We passeren de oude burchtruïne,
waarvan we af en toe enkele hoog uitstekende delen boven de bomen uit zien
steken.
Dan volgt weer een heet
traject door het open veld, over asfaltwegen, veldpaden en over een kaarsrecht
akkerpad over naast elkaar liggende graanstoppelakkers.
Ook hier weer hebben we heel
af en toe het genot van een grote boom, een boomwal en een laantje met enige
schaduw. Maar ook daar blijft het warm lopen.
We komen langs een
waterbassin, waaruit de boeren hun sproeiwater pompen voor de diverse
irrigatie-installaties die wij passeren.
Na enkele kilometers voorbij
Monlezun wandelen we langs de middeleeuwse, herbouwde bedevaartskapel, de
Chapelle Notre-Dame-de-la-Croix.
Heet Marciac
Voorbij deze bedevaartskapel
begint een mooie schaduwrijke platanenlaan. Door deze laan, en verderop door
enkele straten, lopen we recht op het grote stadsplein af van Marciac. Daar is
het een drukte van belang, want er wordt met man en macht gewerkt om alles in
gereedheid te brengen voor het jaarlijkse jazz-festival dat hier vanaf
aanstaande vrijdag drie weken zal worden georganiseerd in Marciac.
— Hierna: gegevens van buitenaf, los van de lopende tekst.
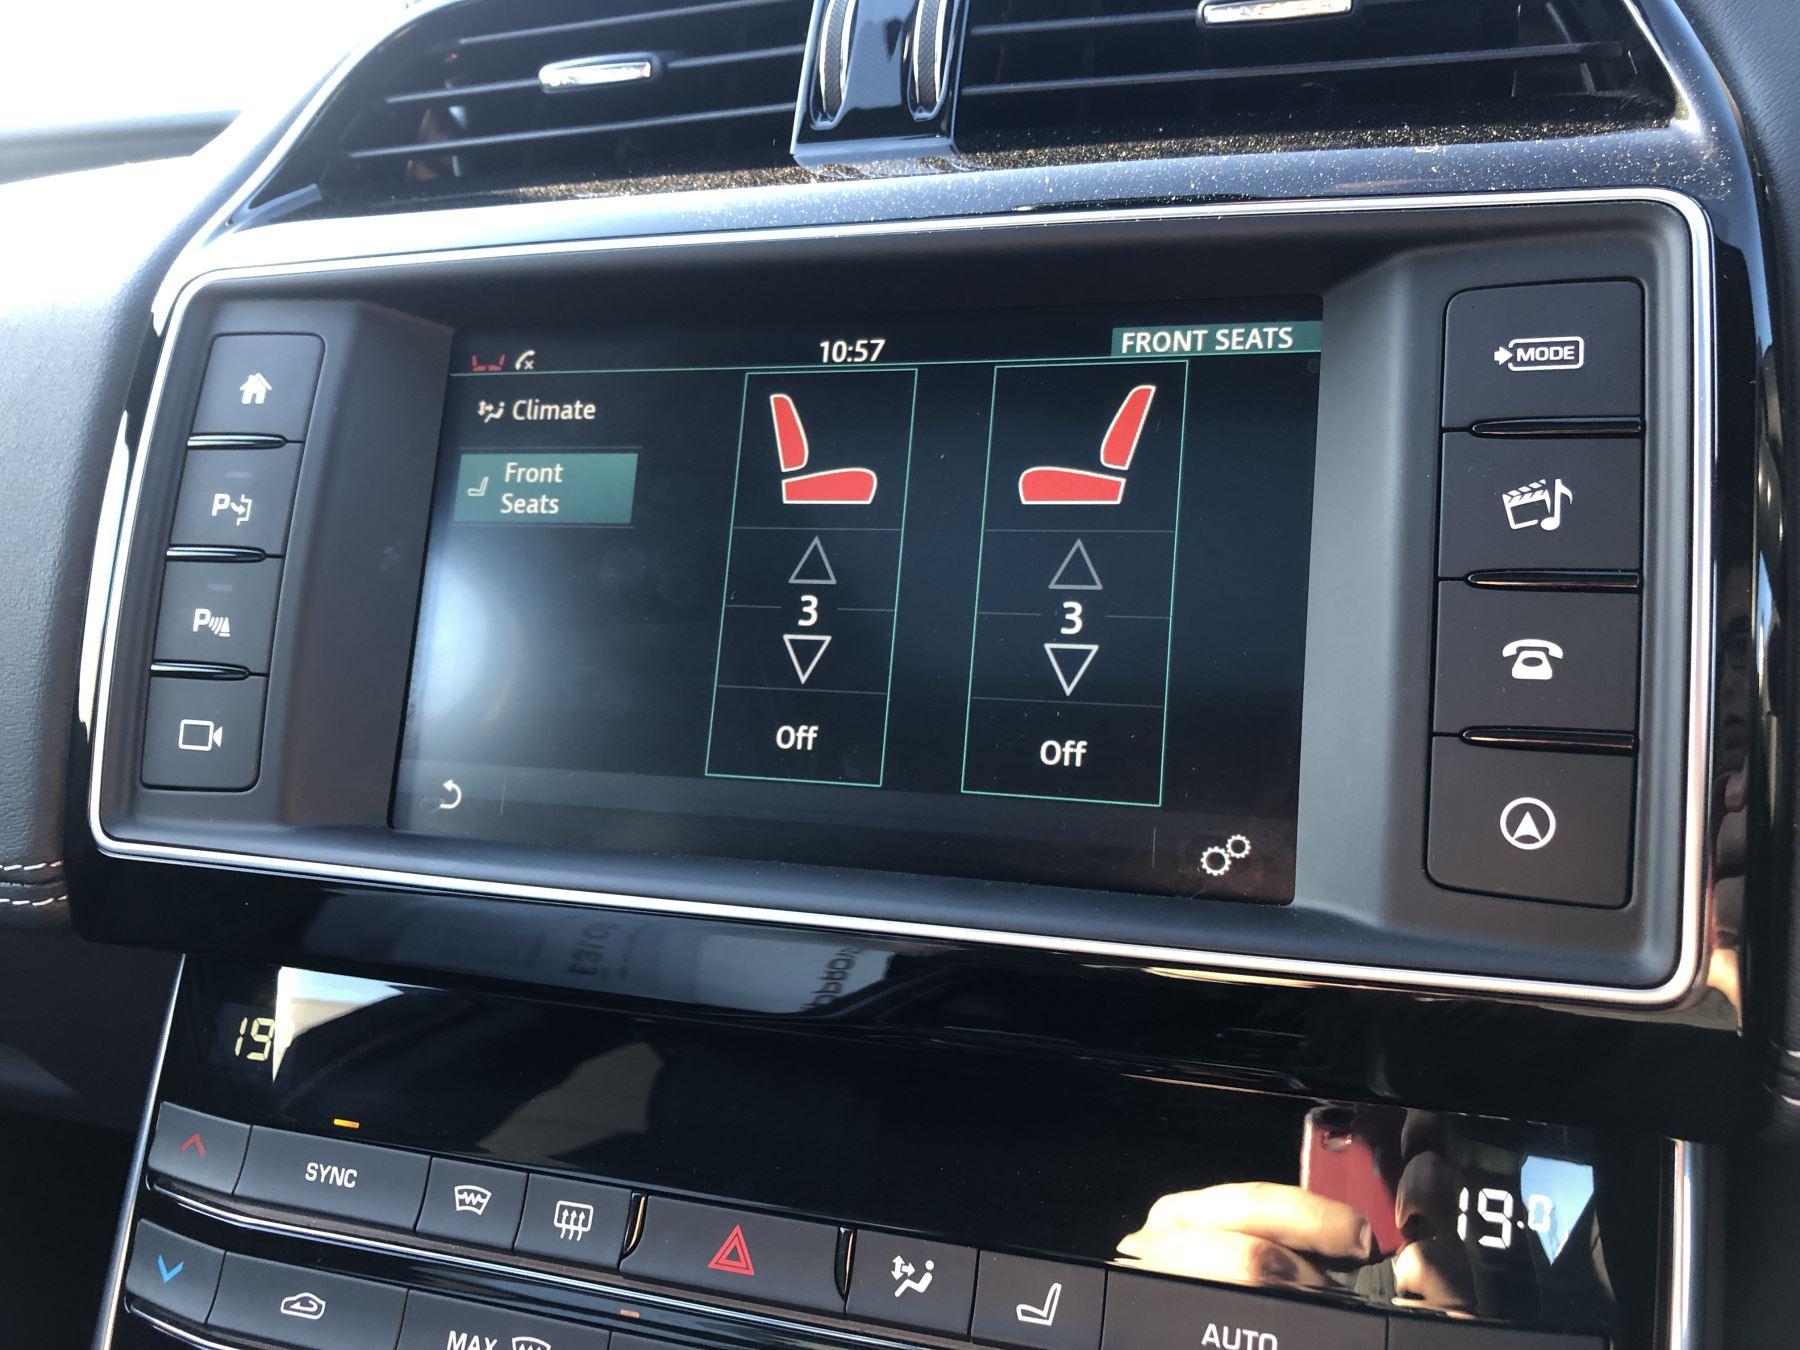 Jaguar XE 3.0 [380] V6 Supercharged S image 14

Wij maken een rondje om het
plein, onder de arcaden door van de oude gebouwen die rond het stadsplein
staan, en hebben zo mooi zicht op gebouwen en op druk heen en weer lopende,
hard werkende mannen en vrouwen.
Op zoek naar een
bakkerswinkel steken we het plein over, om dan ook het grote tentdoek te
bekijken, dat een groot deel van het stadsplein overspant vóór het hoofdpodium.
Bij de sluitende VVV krijgen
we op de valreep nog een stempel in onze pelgrimspaspoorten, bij de bakker
kopen we een verse bol brood voor morgen, en onze pogingen om iets kouds te
drinken op één van de terrassen aan het plein mislukken, want men is nog te
druk bezig met alle voorbereidingen, en pas vanaf aanstaande vrijdag gaan de
horecaterrassen open, als het jazz-festival van start gaat.
Daarom rijden wij met onze
auto vanuit het centrum van Marciac terug naar de buiten de plaats liggende
Camping du Lac, waar we bij aankomst om 15:00 uur eerst volop genieten van een alleszins
welverdiend groot glas ijskoud Amstel-bier, alvorens we gaan douchen.
Vanmiddag hebben we de
tafelventilator buiten staan, om in de schaduw van de bomen van onze
kampeerplaats in elk geval nog enige luchtcirculatie te voelen. Zo komen we ook
deze hete middag en warme avond wel weer goed door.